When you're looking to take out a mortgage loan on your property, the mortgage lenders…
Also known as second mortgages, home equity loans let you borrow money based on the equity that you have in your home. Understanding how home equity loan qualifications work will help you know when to take advantage of and when you should consider other options if you need to borrow money.
There are different types of home equity loans available. It is important to know what they are, to best determine the right one for your needs.
Home Equity Loans are Fixed-Rate Loans
A home equity loan is when you are paid a lump sum and then is repaid over the time set in the loan itself. The payments you make each month along with the interest remain the same over the lifetime of the loan.
- Easy to understand source of money
- Fixed Interest Rate: often lower compared to credit cards and personal loans
- Consolidates debt into one loan
Perhaps the most common reason why a fixed-rate loan is so popular is that it consolidates other debts, such as from credit cards, into a single monthly payment at a lower interest rate.

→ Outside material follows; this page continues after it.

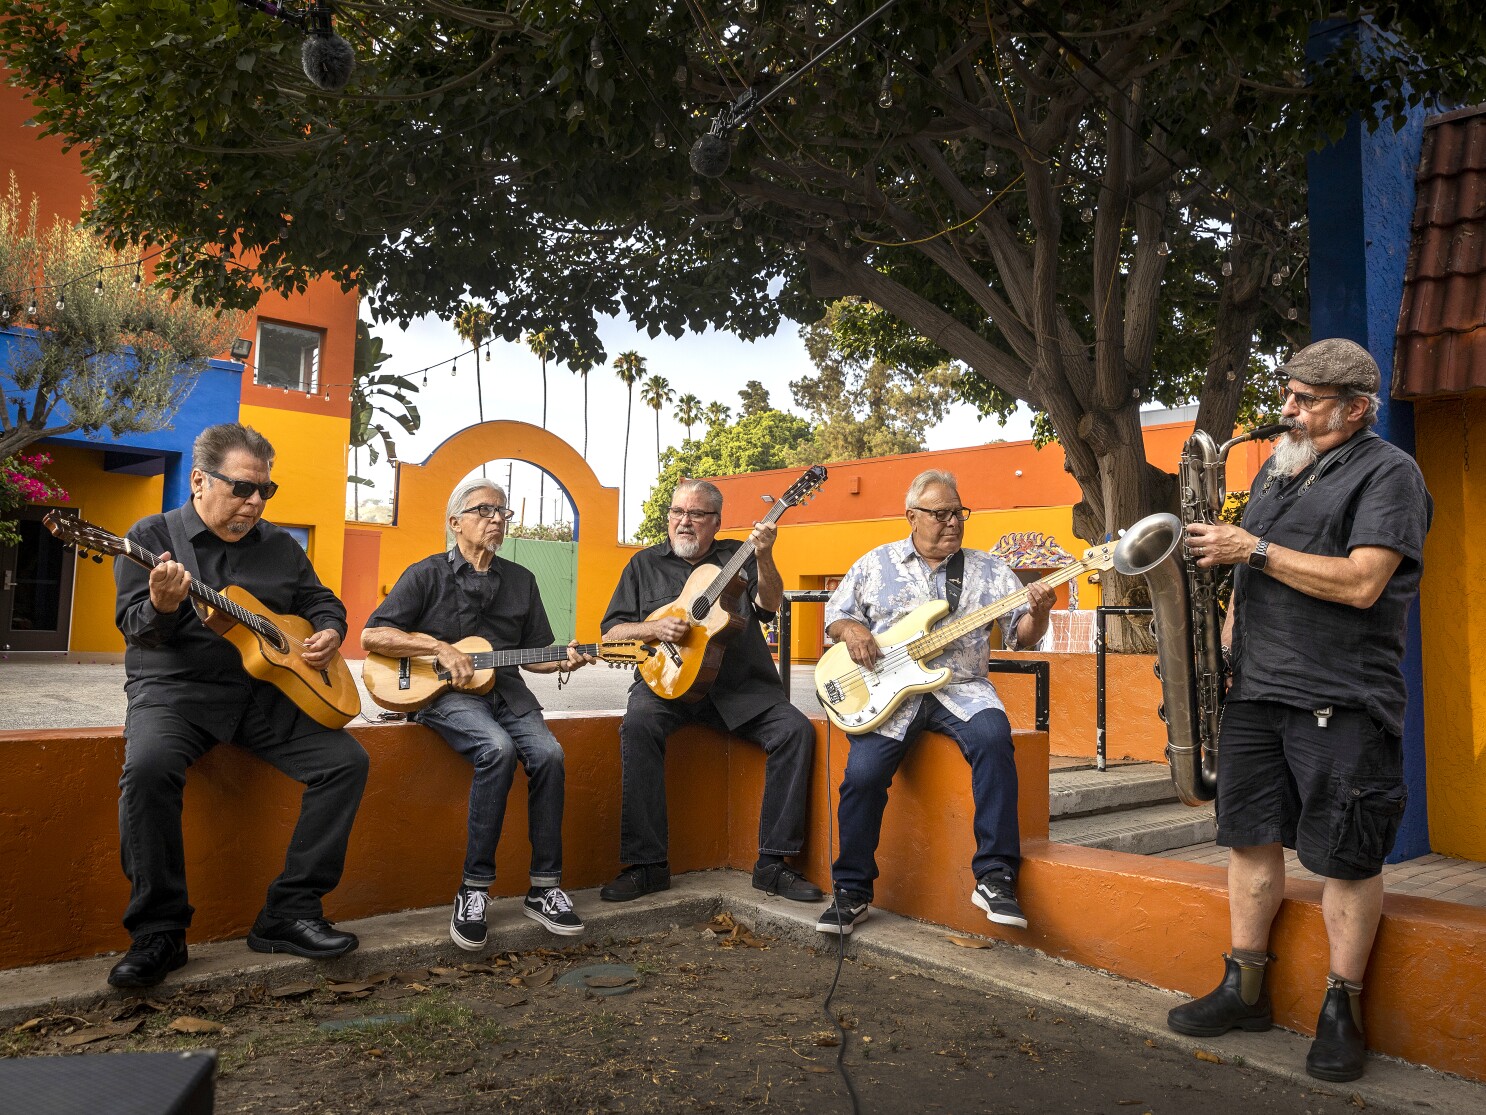 Los Lobos their L.A. with covers album Los Angeles Times

- Bad for Repeat Borrowers: Continues cycle of borrowing to pay off borrowed money
Often called “reloading” by lenders, it is the practice of paying off debt by taking out another loan to pay off the debt. This cycle can repeat until the borrower can’t pay back the loan and loses the property. Home equity loans are a great way to pay off debt with a higher interest rate, such as credit cards. The problem starts when the second mortgages approach the total equity built up on the property.
Home Improvement Loans
This is another potential issue when you borrow too much to cover changes to the home that are not necessary. It’s one thing to take out a fixed-rate loan to repair your home or add something that improves the overall value, such as a new roof or improved kitchen or bathroom. It is another thing to use the money for a swimming pool or other type of vanity addition that does not improve the overall value of the property.
A simple way to determine if taking out a fixed-rate loan for a home improvement is worth the cost, all you need to do is determine whether the changes add up to a greater value than covers what is spent. In most instances, you’ll find that a new pool or deck does not provide any real improvement. However, fixing up a kitchen or bathroom that needs work could be the right thing.
Best Way to Use Home Equity Loans
Although the fixed-rate has advantages over other types of loans, they are best used for specific reasons as you are putting the property up for collateral purposes. For most homeowners, the time to take out a fixed-rate loan on your property is best used for the following;
- Combine All Debt into One Monthly Payment
- Cover Cost of Significant Payment: A new roof, unexpected medical bill, and the like
As with any loan, you should only take it out if you have the means to pay it back. A good, steady source of income from your job or business means you can take out a second mortgage with more confidence.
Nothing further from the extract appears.